Were there specific things you were hoping to accomplish or communicate with Destroyers?

Creatively we were trying to go to some places we have never been before. There are some sonic elements and some songwriting maneuvers that I think we own now. I think we are starting down a path that people will see that we are our own band and with our own voice not just some easy to pin down genre hardliner i.e. Americana or rock and roll or whatever it is that people think they can assign to our band.

The new record hints at some feelings you may have about the current political climate. Was it impossible to avoid tackling some of that subject matter?

I am completely disturbed by where we are as people and a country….but that’s not new. Seems like people are more sensitive to the subject right now. I don’t look to politics or politicians as the problem or as the answer. Politics and political parties to me are just another was of dividing and sub-dividing us. There is no ‘us vs. them’ in my mind. I am the problem we are the problem. We can choose to make things better, but in the end we are human and there will always be flaws in the way things work.

I think my hope is that the general trend is a movement towards generosity, courage, and grace rather than what seems to be a the current climate of inward looking, fearful, vengeful attitudes of mainstream Americans.

What were you hoping Ek would bring to the endeavor? What did you learn by working with him?

Not sure we had any specific things we wanted out of working with Phil. He has been a part of some really amazing records and we were stoked to see what he might add to what we had already done.

Really we needed someone that we and the label would trust as far as helping us say that the record was done. It was a really long writing/demo process and I think everyone was just a little too close to see it clearly anymore.

I think the main thing I took away from working with Phil is that I hope I am as excited about trying and hearing new things in the studio as he was everyday. It really made me want to be someone who has their head in the game when I am in the studio. Phil was never checked out, and he either loved something or hated it. It was great.

Have you found that you are less and less comfortable with relying on classic rock as a predominant muse?

Not just classic rock, but in general, I think musicians/visual artists/architects etc need to be driving forward. I am sick of being a part of the generation of imitators and recyclers.

What is one thing you think your band does better than any other band?

Harmonize while yelling? Hard to come up with just one thing.

What are your proudest accomplishments to date? What are your loftiest goals for your career?

As an artist I would say navigating producing this record was a serious trial and coming out the other side seemed like it might not happen at some points along the way. I wanna be somebody that doesn’t have to think of making music as a career, but can just make the art music. Otherwise I want to make and follow whatever inspirations may come.

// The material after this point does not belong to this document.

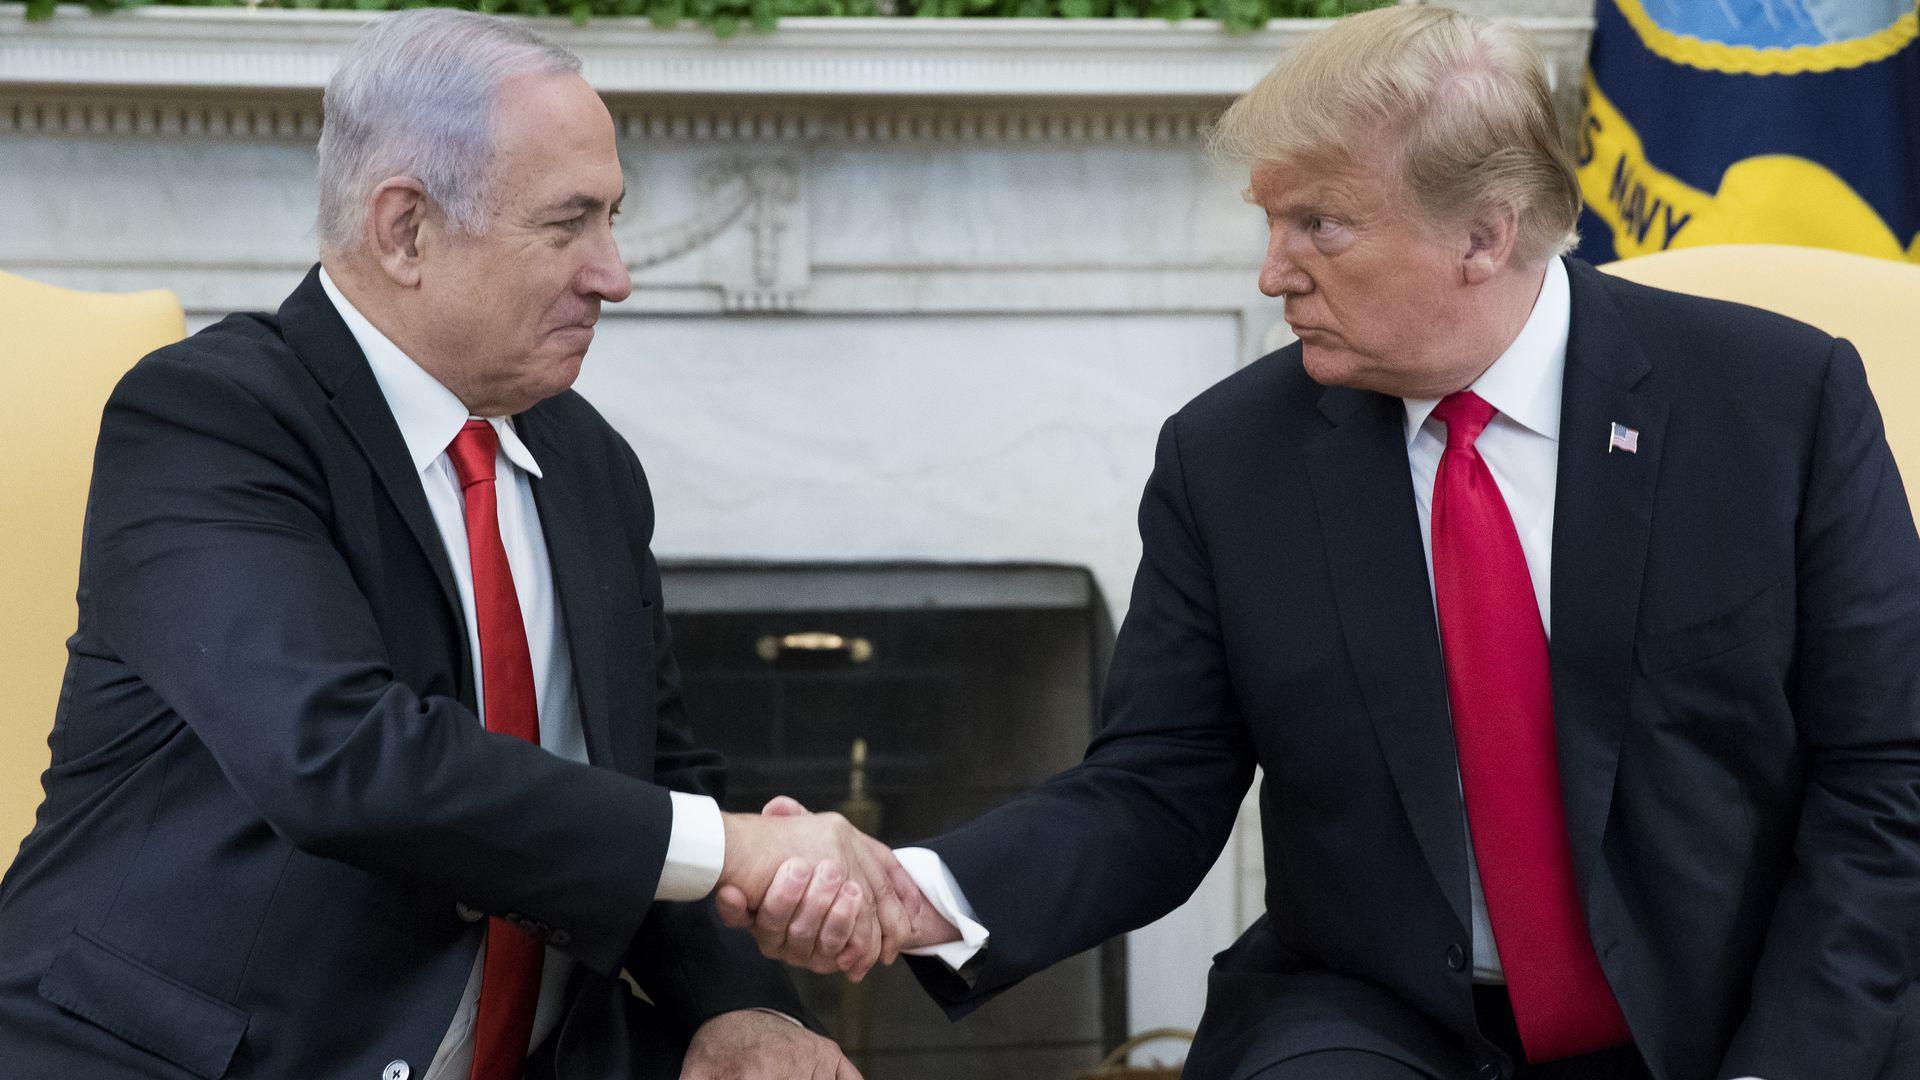 Israel's Netanyahu unveils 'Trump Heights' settlement in the Golan

I want to live a life that a career has nothing to do with why I do what it do.

Given current events, what are your feelings on the tragedy in Las Vegas? And the loss of Tom Petty?

Las Vegas is a tragedy I am not sure what I can add or how I can speak to that situation that would help.

Tom Petty was a guiding light for me. I am sad that he is gone but he burned bright for a long time and I think he did a great job with his time on this planet.

I became a first-time parent at 39. How has becoming a parent transformed your life?

I kinda view it as not so much a transformation, but a straight up trade. That person I was before having a kid is gone. There isn’t room for him anymore.

If anything there are brief moments where my wife and I vacation to a place where we get to pretend we are those people. I think my kid was the final push over the edge as far as my paradigm shift on nostalgia etc.

What are the most important life lessons you are hoping to impart to your child?

Be grateful, be humble. Be forgiving. See everything. Stay open to change.